Он взял ближайшего гостя за шиворот, приподнял его одной рукой и… Своей второй рукой сломал палец на левой руке товарища. Двое других сначала хотели «ринуться» на защиту безвинно пострадавшего от властей, но были пойманы за шиворот тёзкой. Ещё две минуты, и все трое были спущены с лестницы – благо, невысокой, так как квартира была на первом этаже. У всех троих указательные пальцы на левой руке были сломаны.

– Если ещё раз зайдёте в эту квартиру – лучше заранее возьмите с собой запасные челюсти. Сломаю! – Вадим даже оскалился для верности.

Совсем даже без криков и проклятий с угрозами алконавты потрусили за угол. Что ж, теперь сам художник. Набрали в ванну холодной воды и погрузили туда тело. Для верности ещё и притопили. Очнулся, начал сучить ножонками и ручонками. Это против Кошкина-то. Через десять минут купания почти трезвый «творец» предстал голым и мокрым перед Петром. Почему голым? Психология. Голому против одетого тяжелее аргументы «против» придумывать. За время купания Пётр осмотрел «нехорошую квартиру». А ведь и вправду недурной художник. На стенах и на столе – не на кухонном, на рабочем – было полно рисунков-иллюстраций к сказам Бажова. И хороших иллюстраций! Были и другие рисунки. На счастье (художника), и пара Буратин имелась. Вполне. Были даже картины в рамках. Пейзажи Урала, осень, скалы, вода. Красиво.
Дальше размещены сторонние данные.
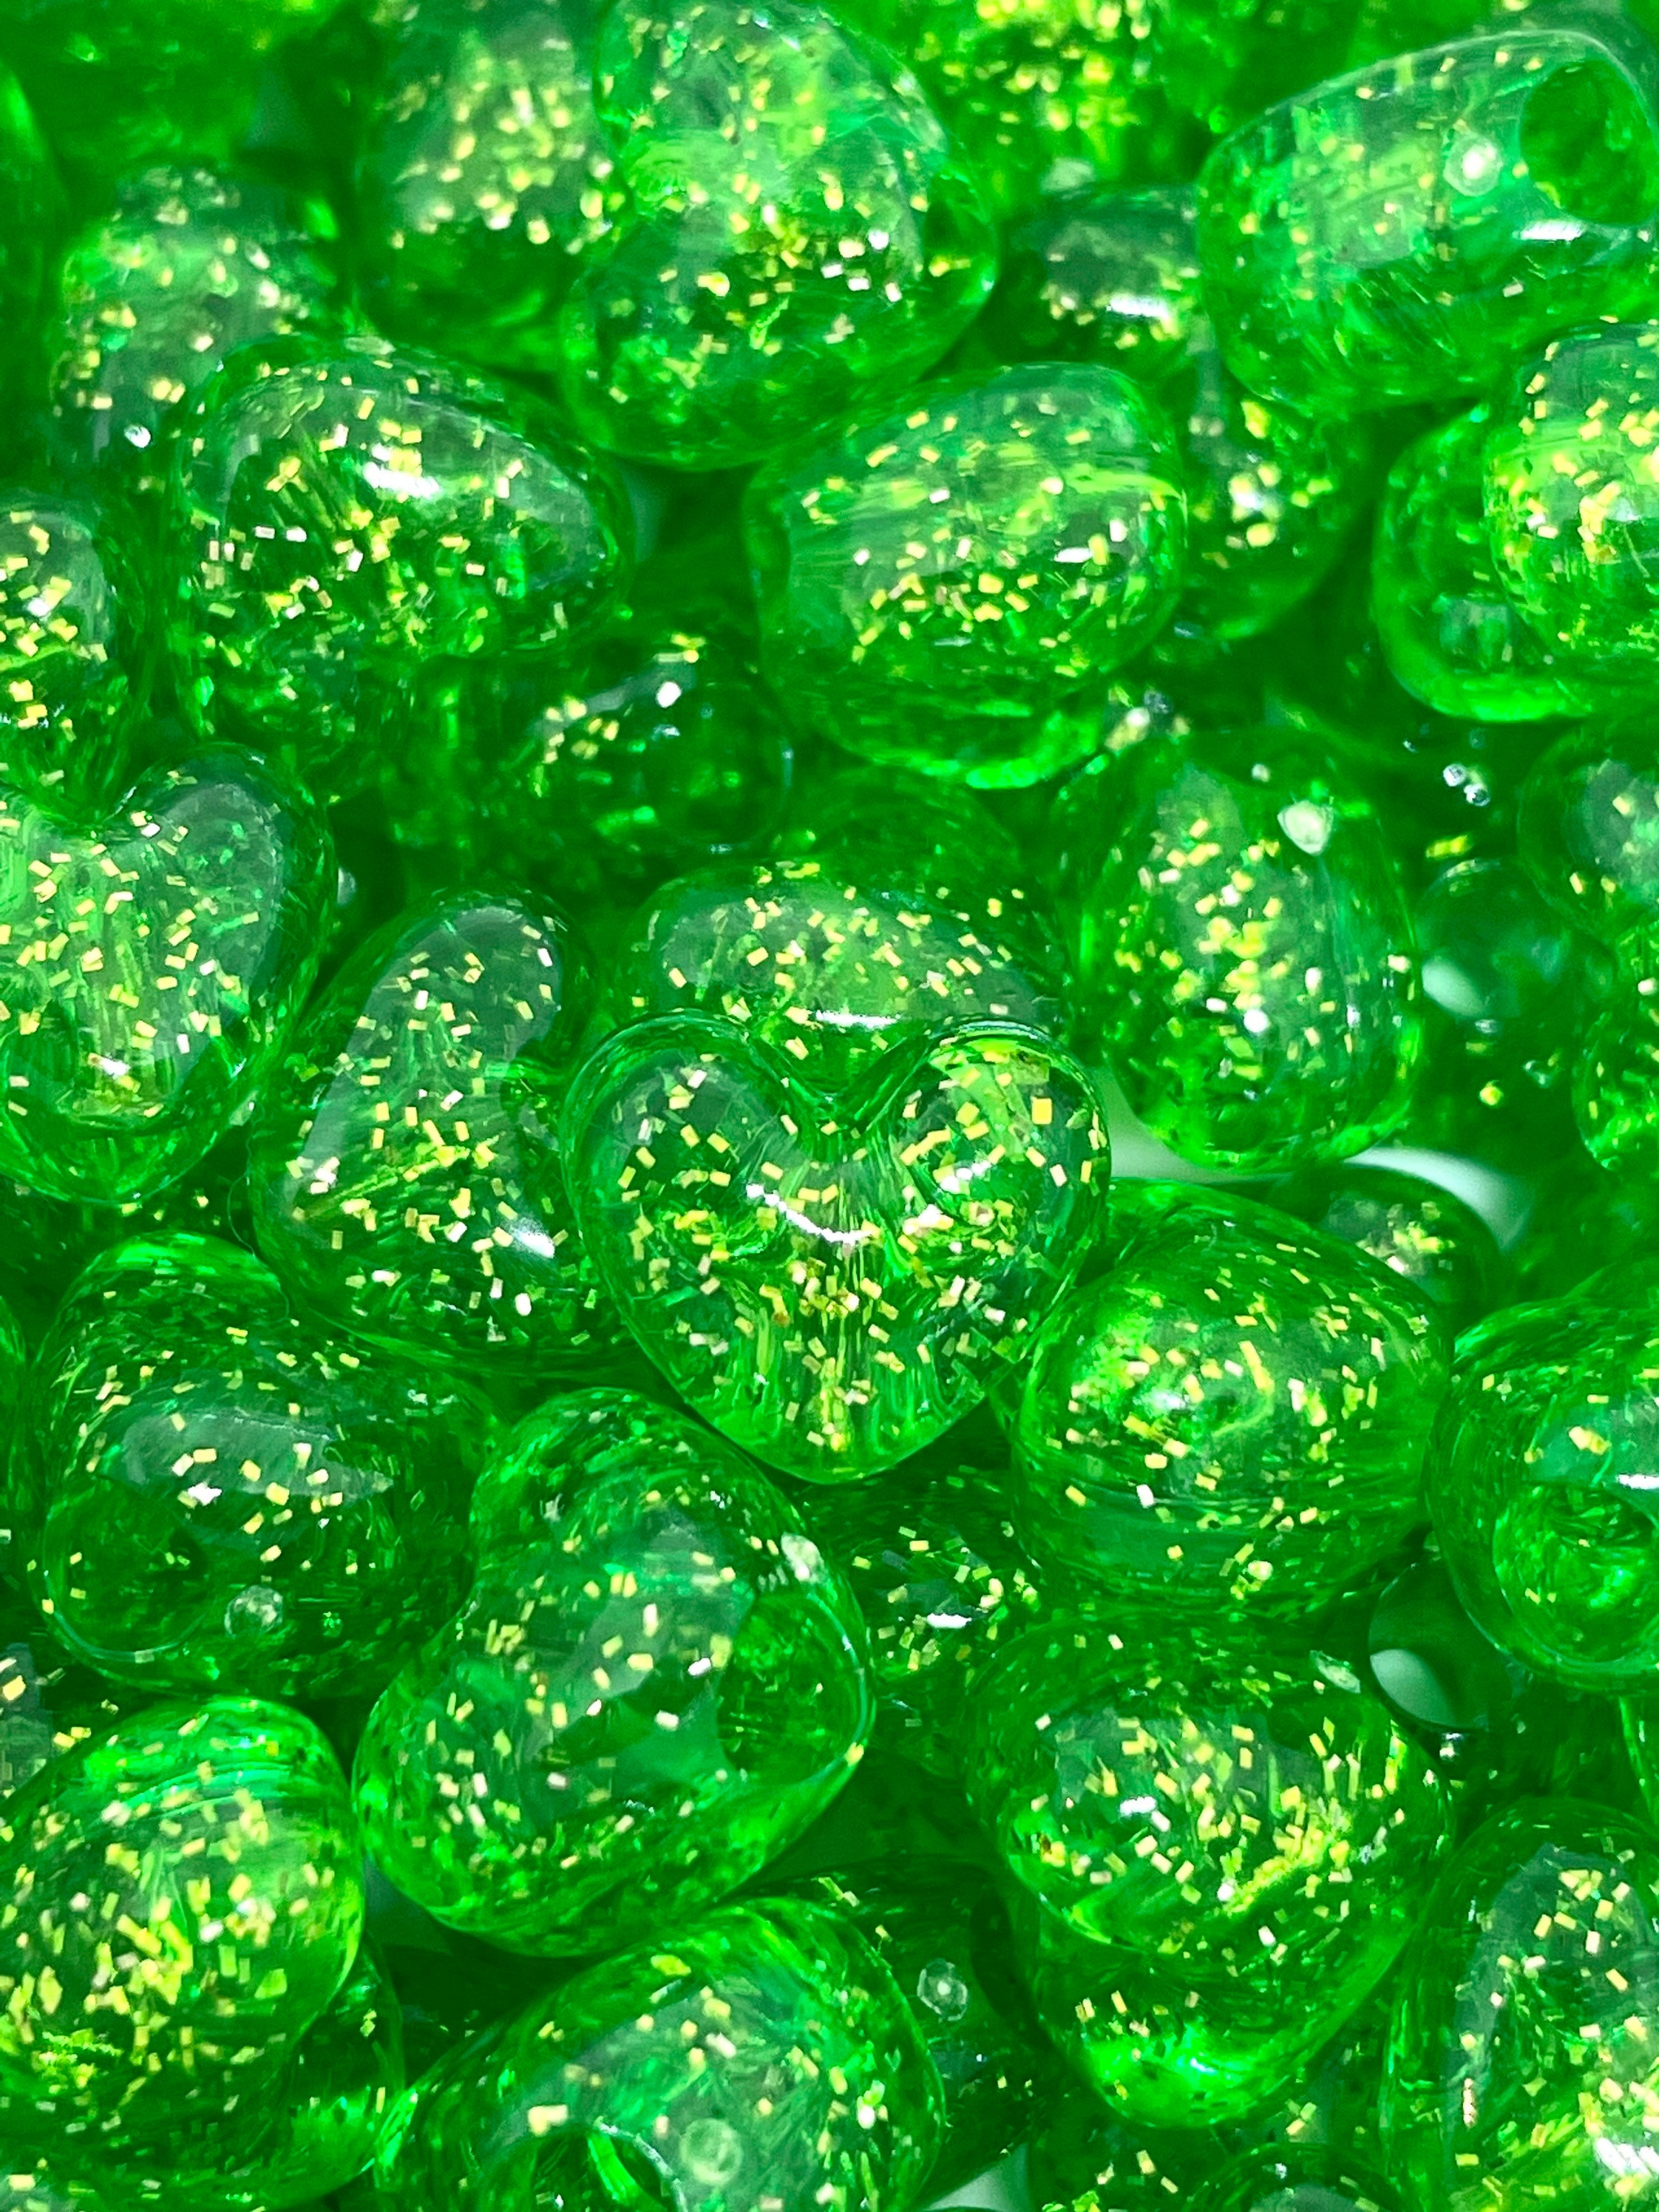 Pastel Fake Candy Quins, Fake Sprinkles for Slime, Round Sprinkles for

– Михаил. Ты бросай пить. Я – Тишков Пётр Миронович. Сейчас тебе Вадим сломает один палец на левой руке. Если через неделю иллюстрации к моим повестям про Буратино не будут в редакции, то мы тебя найдём и сломаем все пальцы на обеих руках. Уяснил?

– Не надо. Я всё напишу, – сделал попытку забиться в угол Щировский.
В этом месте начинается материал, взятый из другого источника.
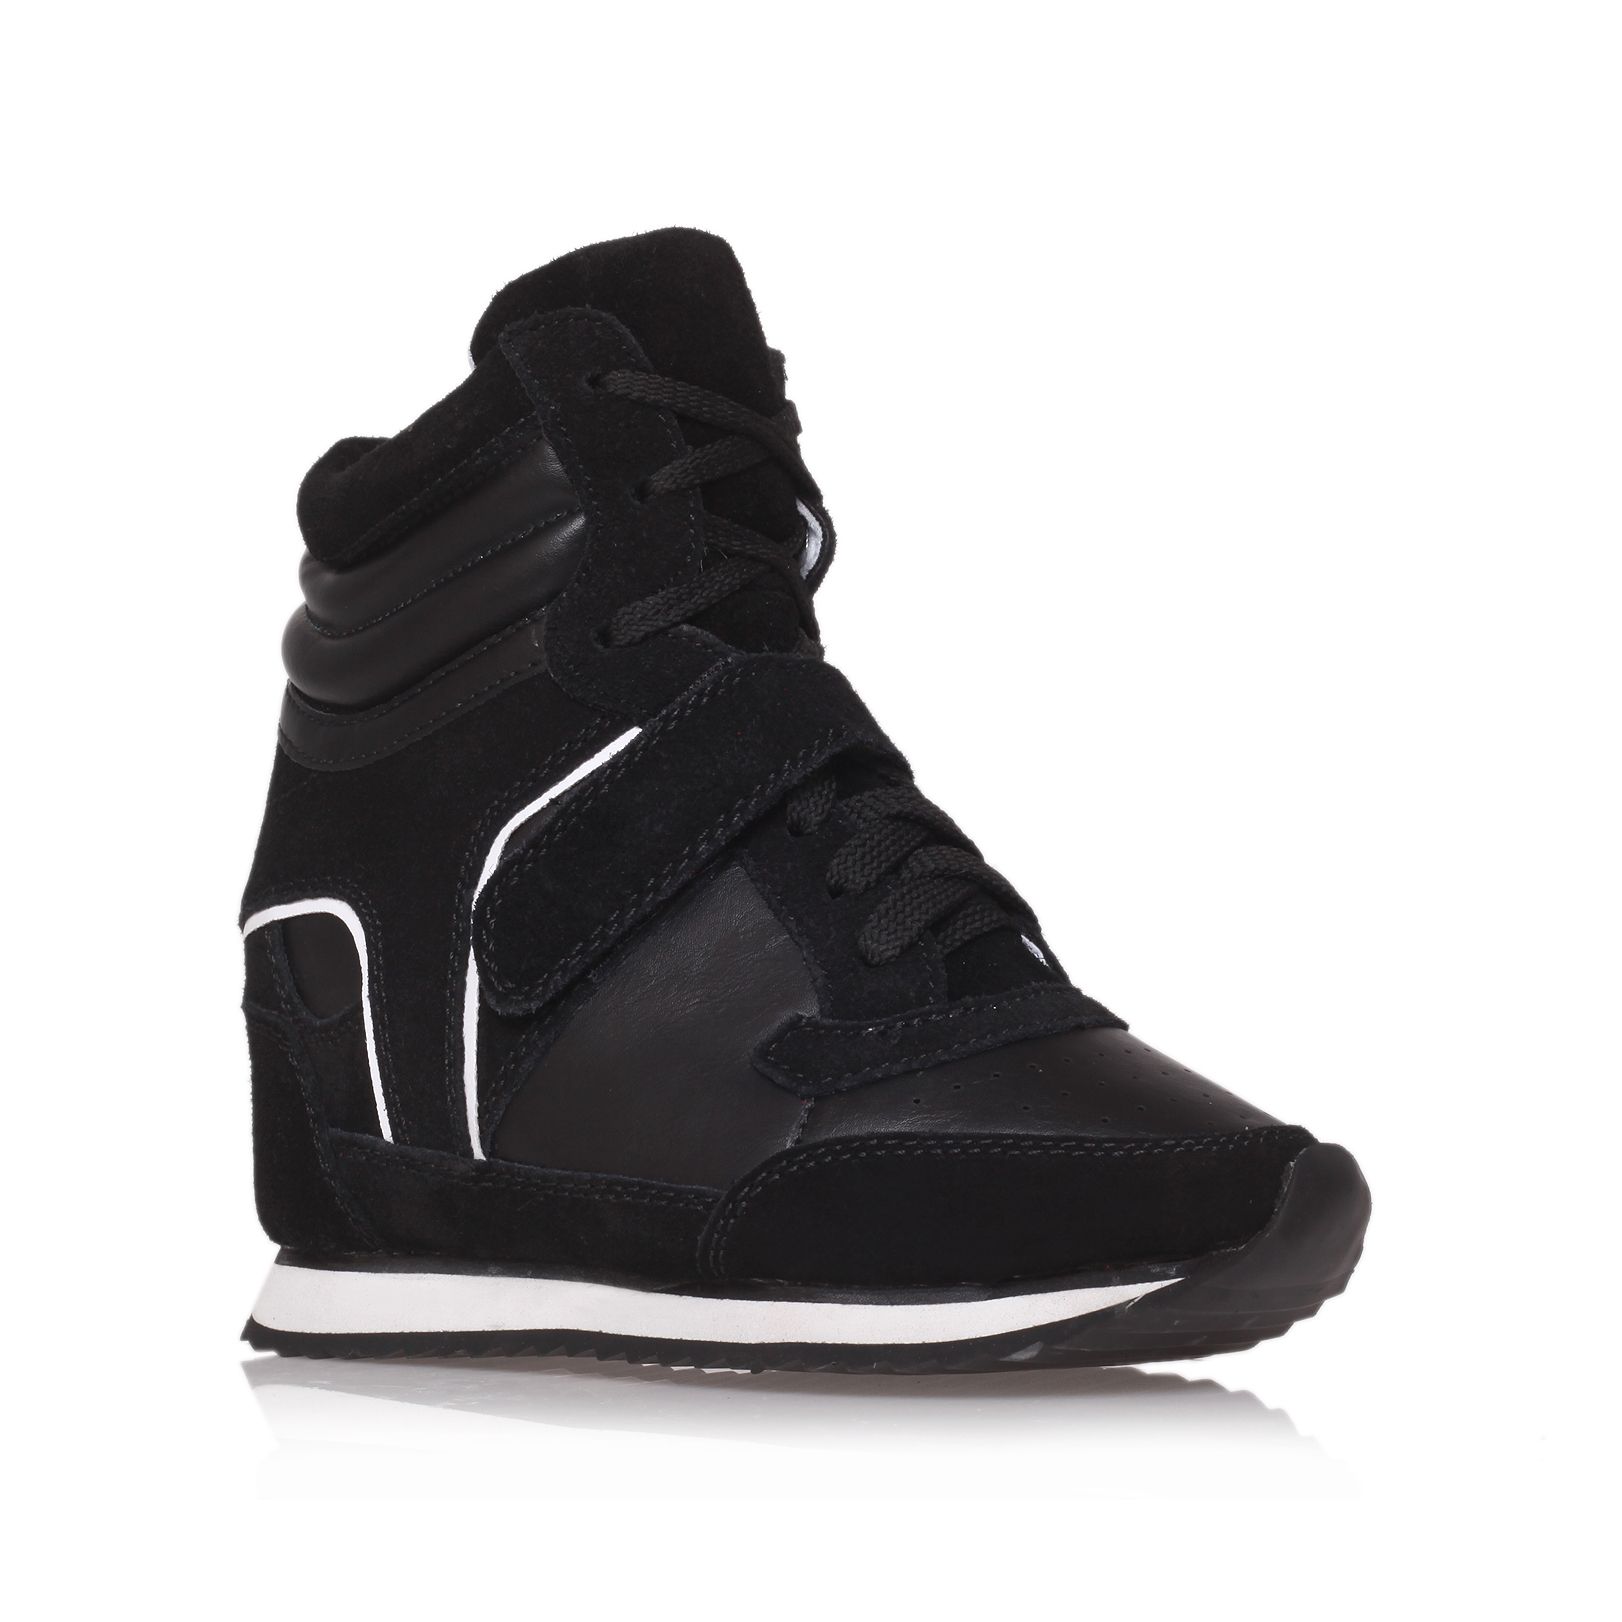 Carvela Kurt Geiger London Trainer Shoes in Black | Lyst

– Надо. Это для тебя же. Вадим, – Кошкин подошёл и за долю секунды, так что художник даже не успел испугаться, проделал «операцию».

Вот только тогда Михаил и испугался, и завизжал, и обмочился. Ещё одно купание – и почти вменяемый соратник.

– Михаил, а ты картины продаёшь? Я бы вот эти две купил, – Пётр указал на две особо удачные картины, изображавшие одно озеро, но в разное время года. Диптих? Или как это называется?

– Так забирайте, только не ломайте больше пальцы, – зашмыгал носом художник.

– Так нельзя. Ты ведь работал. У нас любой труженик получает по заслугам. Так сколько? – ещё не хватало так забрать, а потом товарищ заявит, что ему под угрозой жизни поставили ультиматум – либо картины, любо эта самая жизнь. Ещё и палец предъявит.

– Десять рублей.

– Хорошо. Вот двадцать, за обе, – Пётр вынул из кармана кошель и достал пару «красненьких», – Через неделю зайду в редакцию. Не подведи.

Порадовали только напоследок. Пётр заехал в Суворовское училище. Генерал Тихончук Михаил Павлович был трезв и деловит – спешил. В парадной форме и при орденах с медалями. Немало. Обнял, позвякивая наградами.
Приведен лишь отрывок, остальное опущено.